Information provided:
========
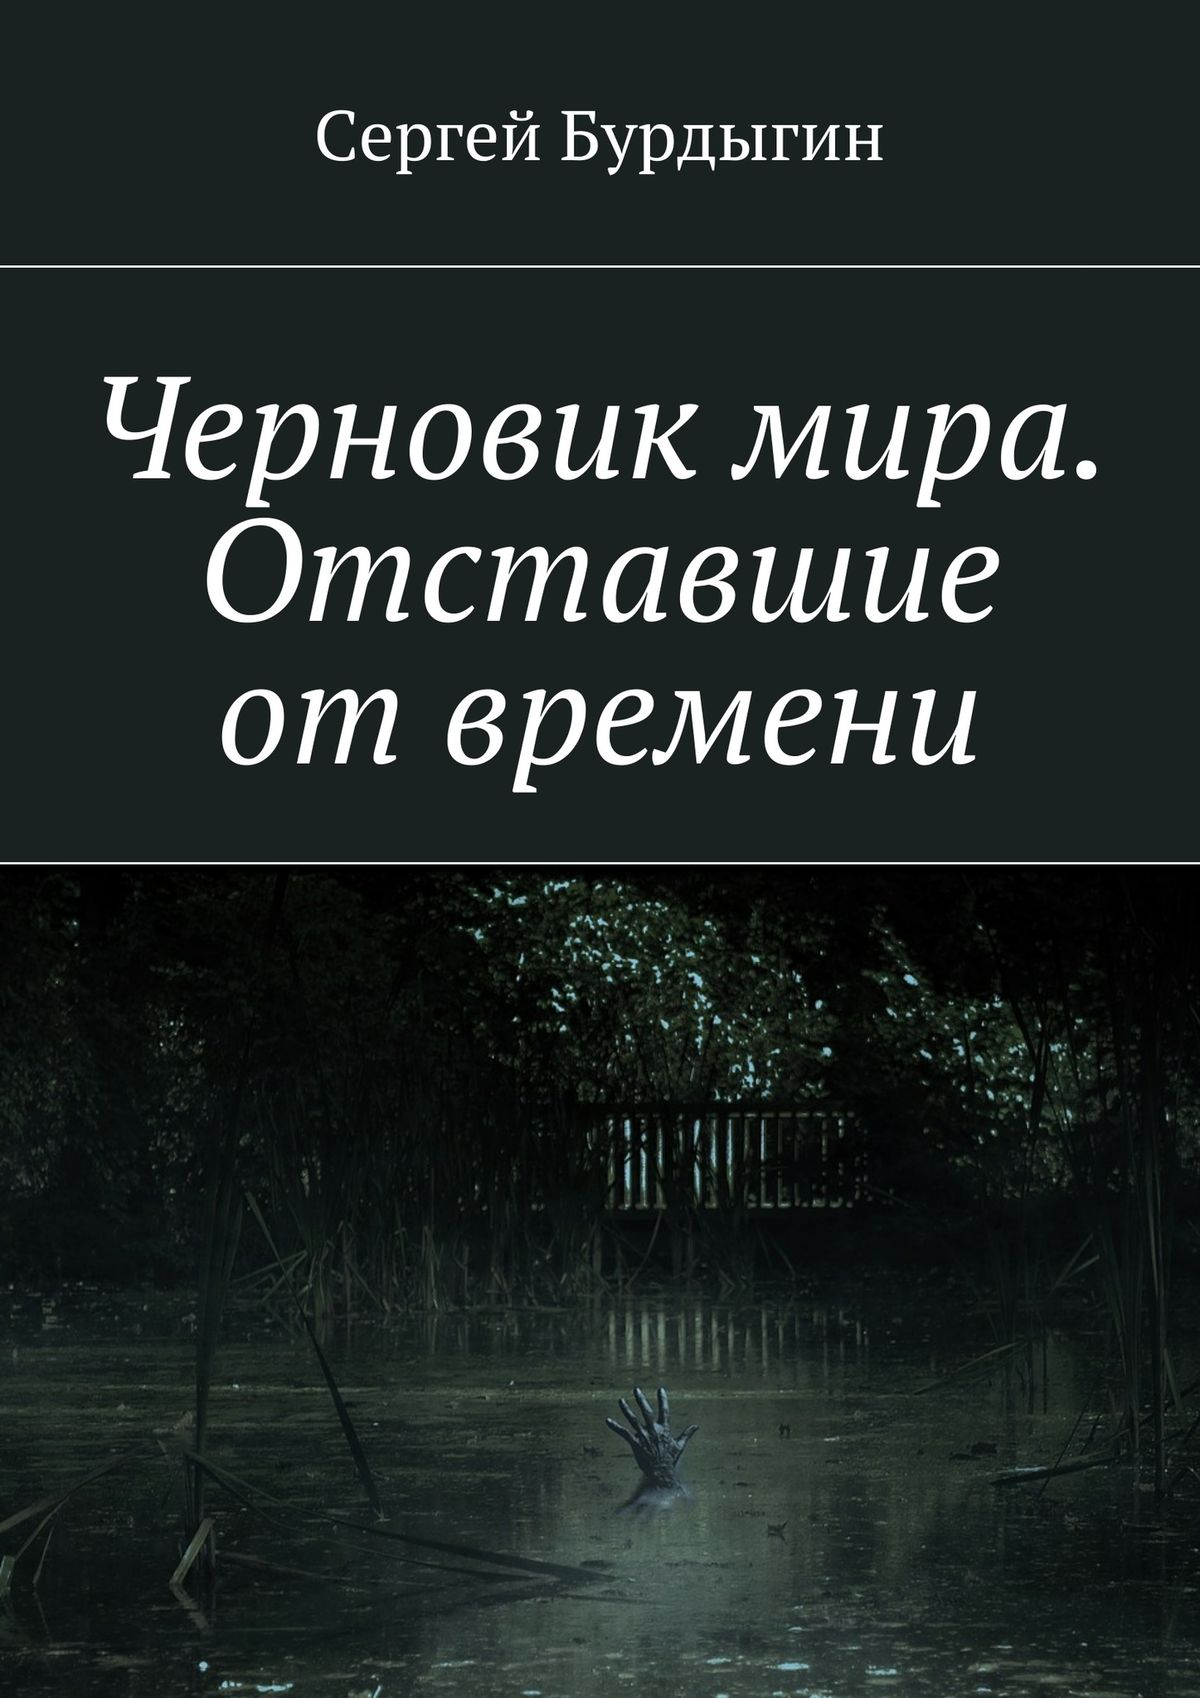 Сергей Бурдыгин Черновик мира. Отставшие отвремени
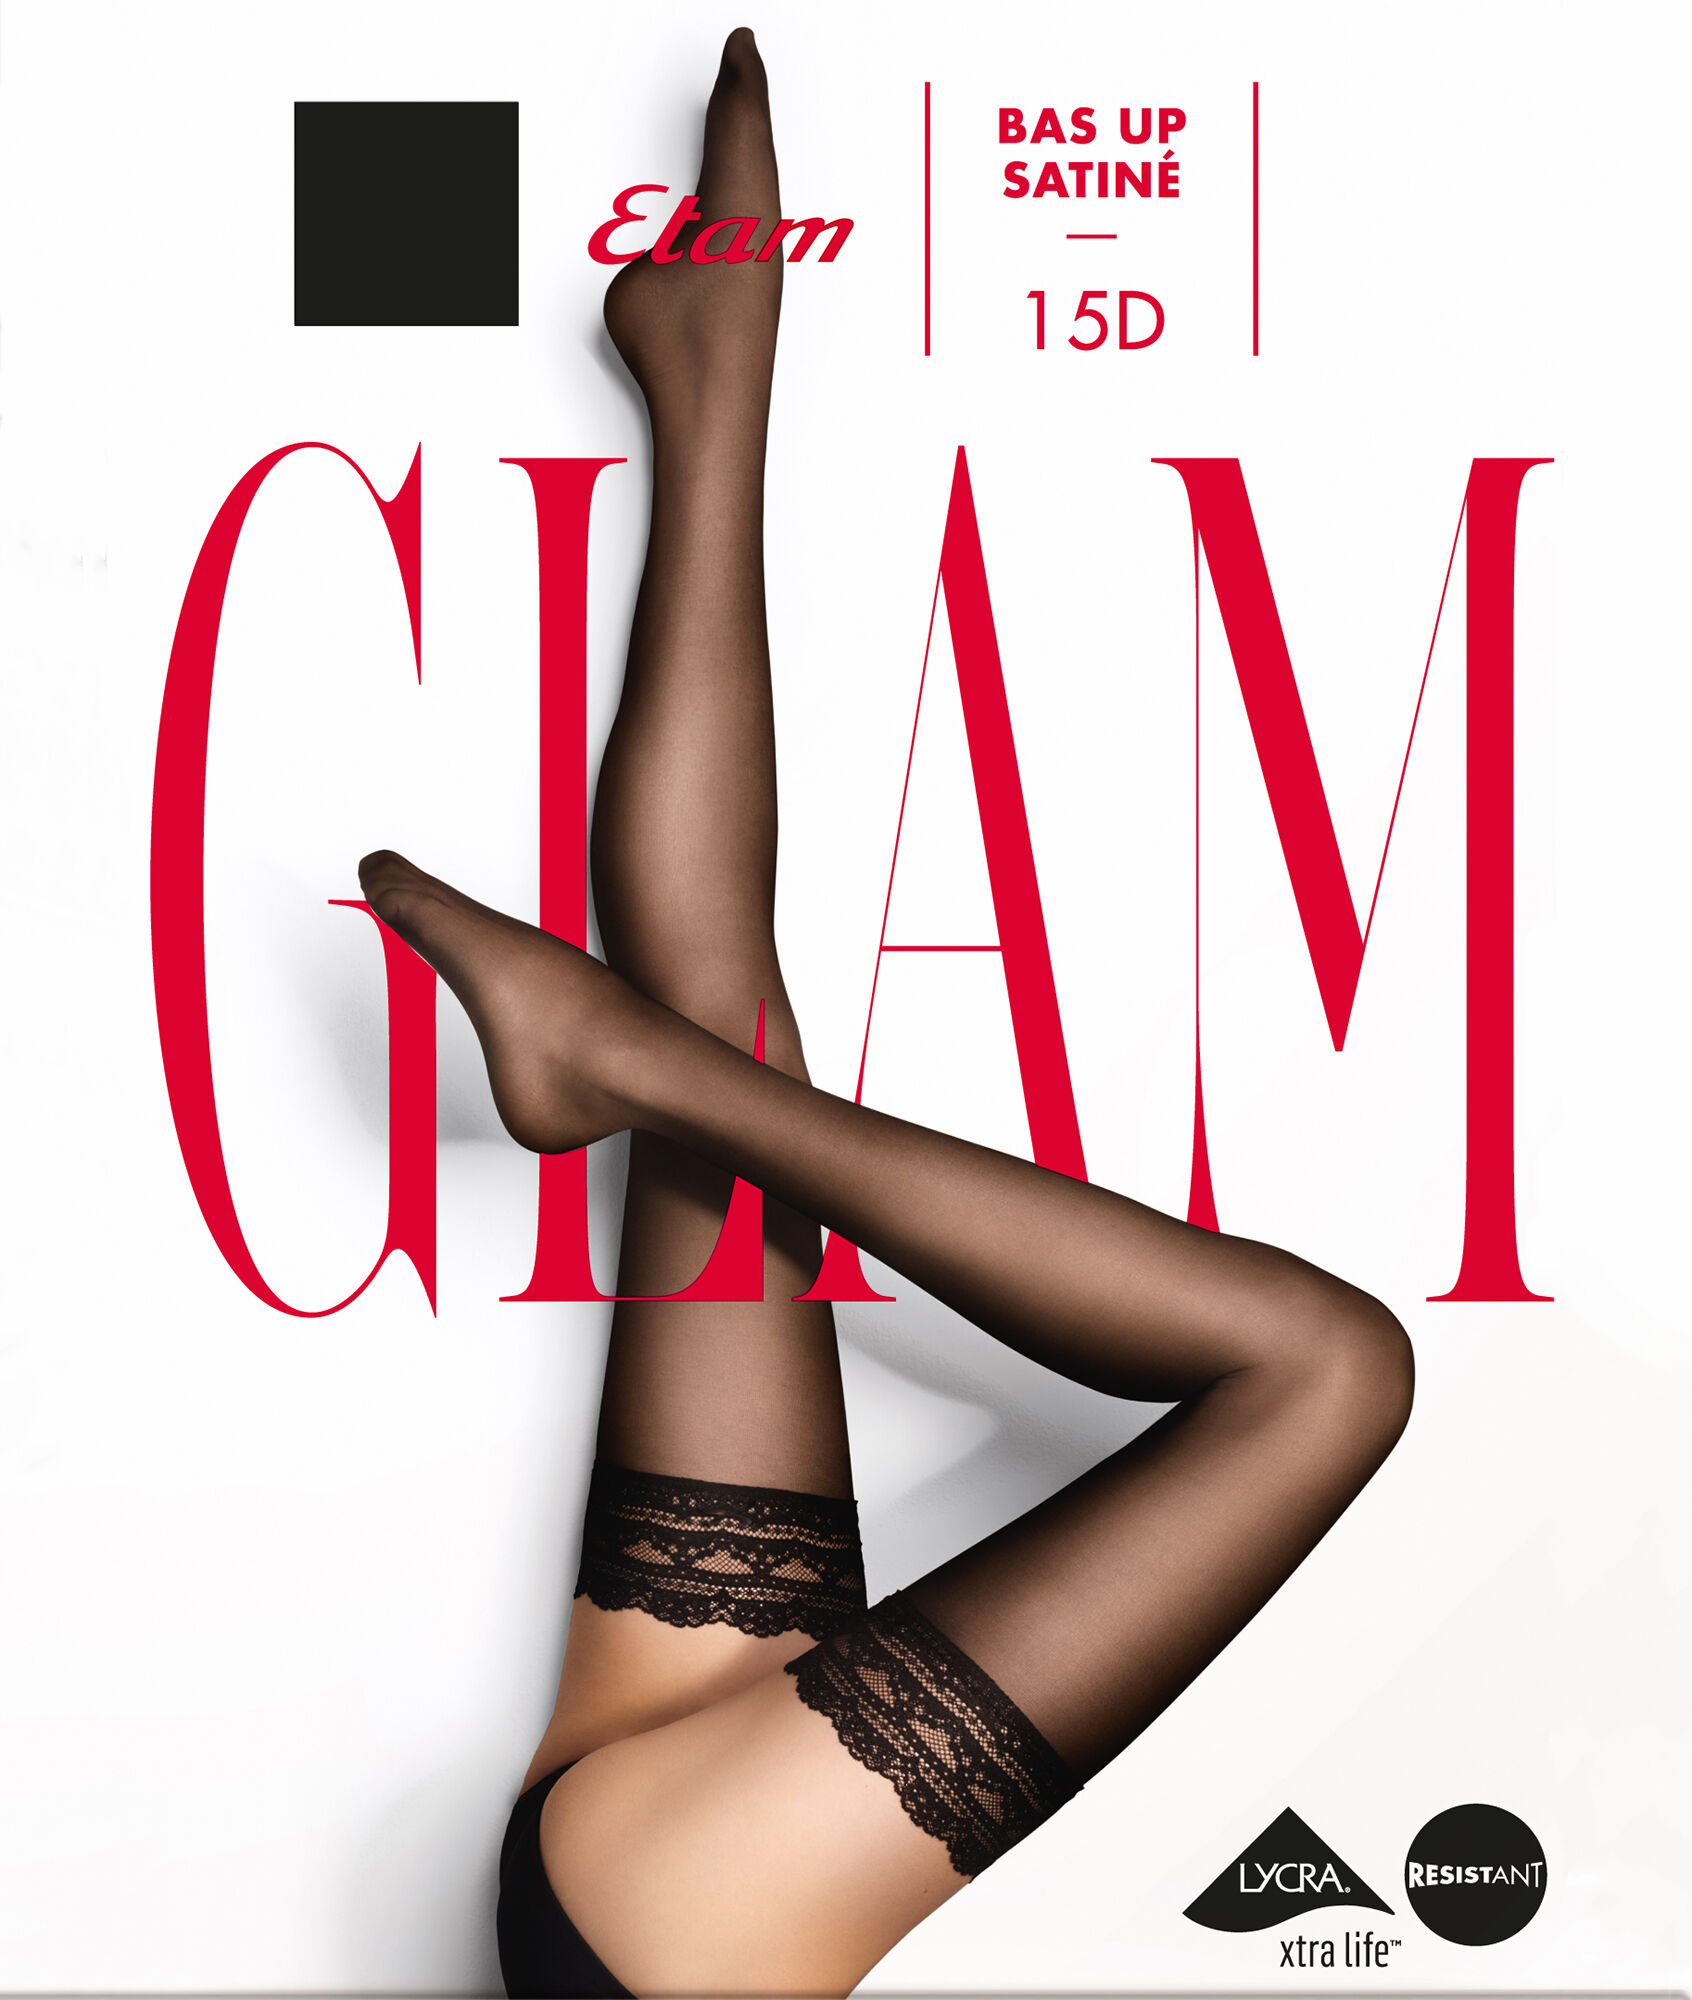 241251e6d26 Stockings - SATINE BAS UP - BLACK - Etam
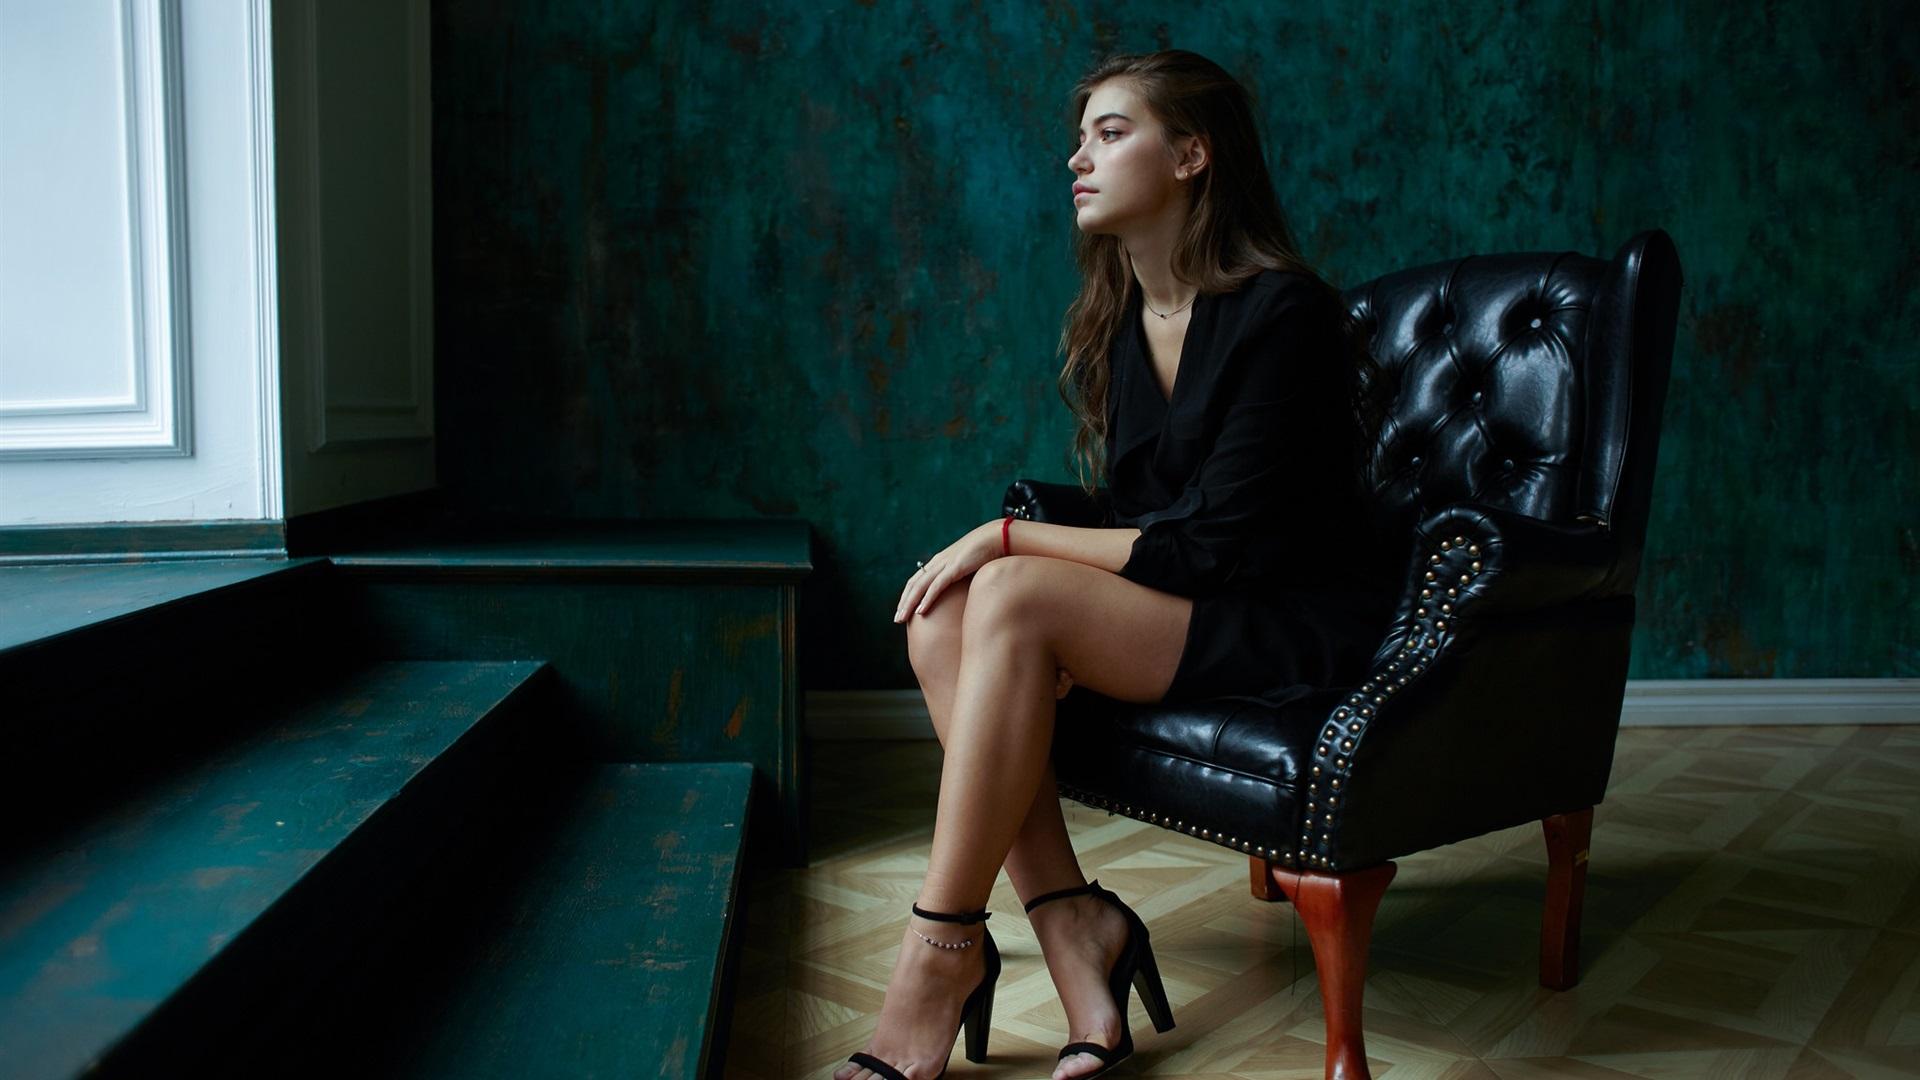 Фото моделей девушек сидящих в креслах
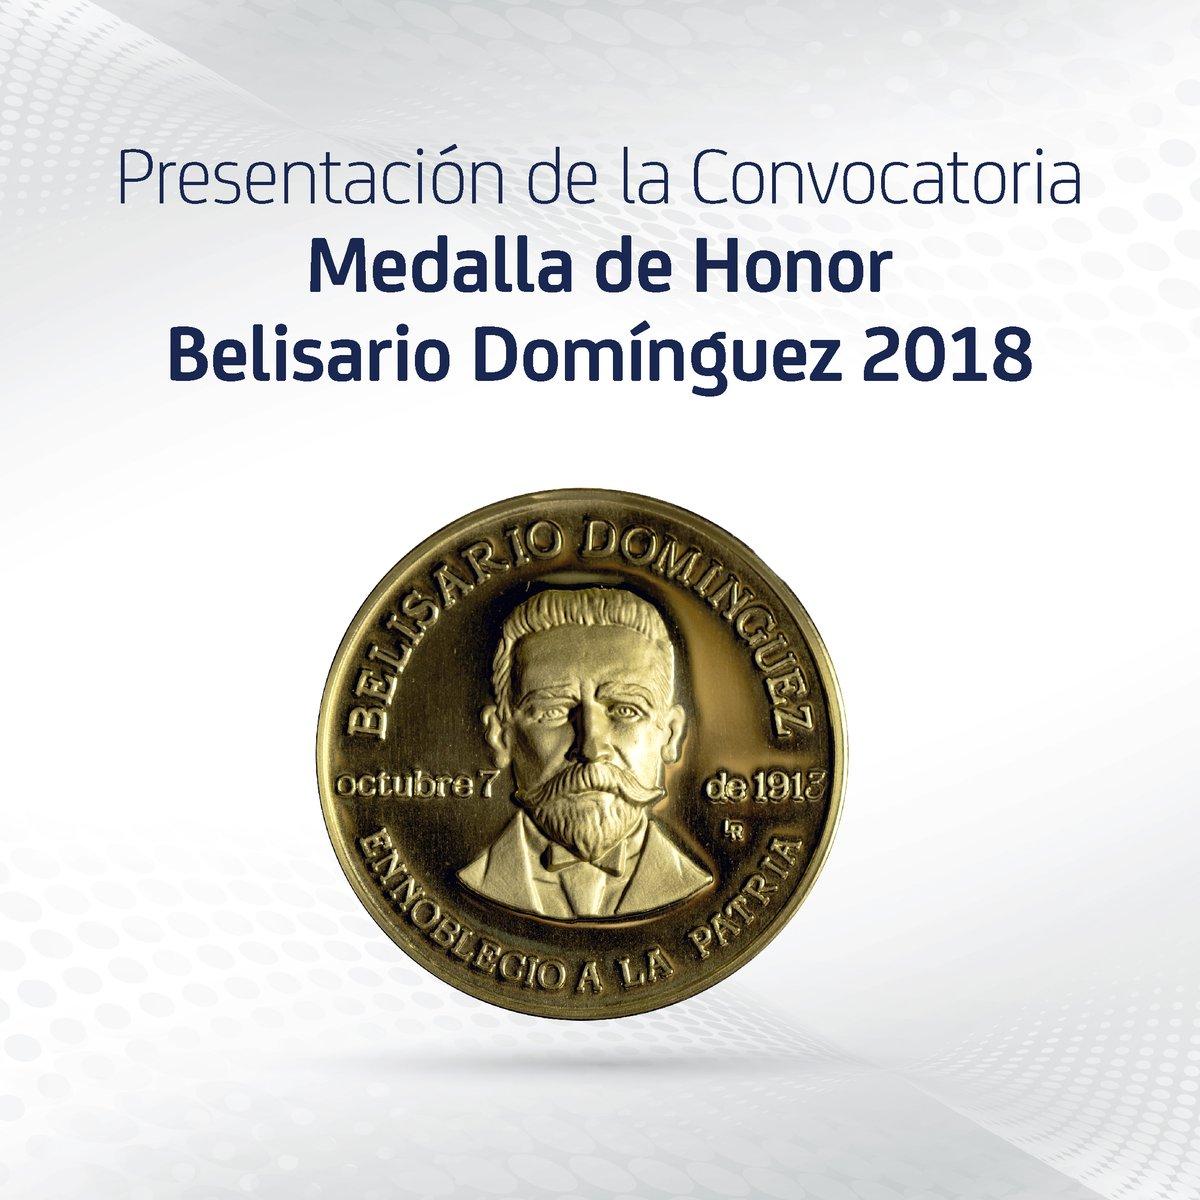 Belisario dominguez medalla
========
Activity: Keep the pictures out of the copy and write out the data exactly as it stands.

Exercise result:
 Сергей Бурдыгин Черновик мира. Отставшие отвремени
 241251e6d26 Stockings - SATINE BAS UP - BLACK - Etam
 Фото моделей девушек сидящих в креслах
 Belisario dominguez medalla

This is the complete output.